Whoever thought Rare Earths could be sexy and fun?

| December 01, 2015 | 12 Comments

rare-mettle-cover1I did!

But then I’m a big fan of international suspense novels as a way to learn about complex issues.

Inspired by China’s 2010 embargo of rare earth, I decided to write Rare Mettle to explore the broad set of questions surrounding this usually obscure industry, especially the impact on Silicon Valley’s businesses.
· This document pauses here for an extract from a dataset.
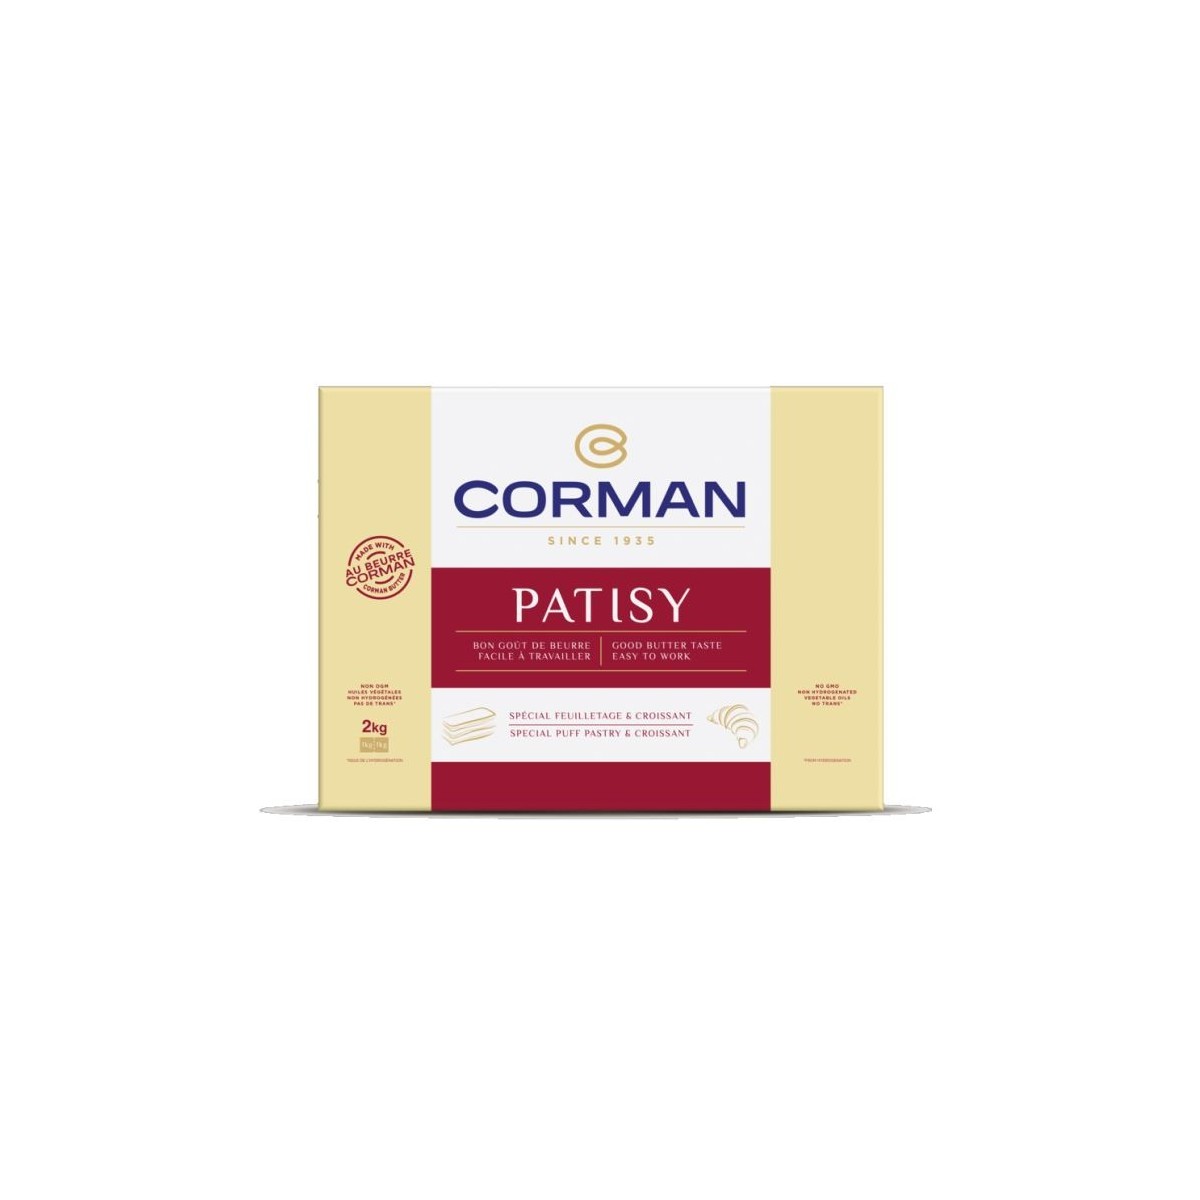 CORMAN PATISY FEUILLETAGE & CROISSANT 5 X 2 KG 0029754

For fun, I added a sexy undercover agent and high-tech innovators to the fast-paced thriller, and developed plausible scenarios and provocative outcomes, perfect for the upcoming election year.

My research began after speaking with a journalist who covered the 2010 real-world event, moved into a crash course in geology, and then (groan!) a refresher course in the Periodic Table of Elements (chemistry was NOT my strong suit in school).

Talking to local high-tech investors, I discovered an almost cavalier attitude to the issue, as if pre-negotiated trade agreements would magically protect the world’s supply chain, even in the face of political disputes.

Digging further into Congressional testimony and investor newsletters, I found repeated documentation of China’s stated goal to dominate this commodity, in the same way the Middle Eastern countries dominated last century’s energy industry.

Rattled, then concerned, I asked myself–what’s a high-tech-business-woman-turned-novelist to do?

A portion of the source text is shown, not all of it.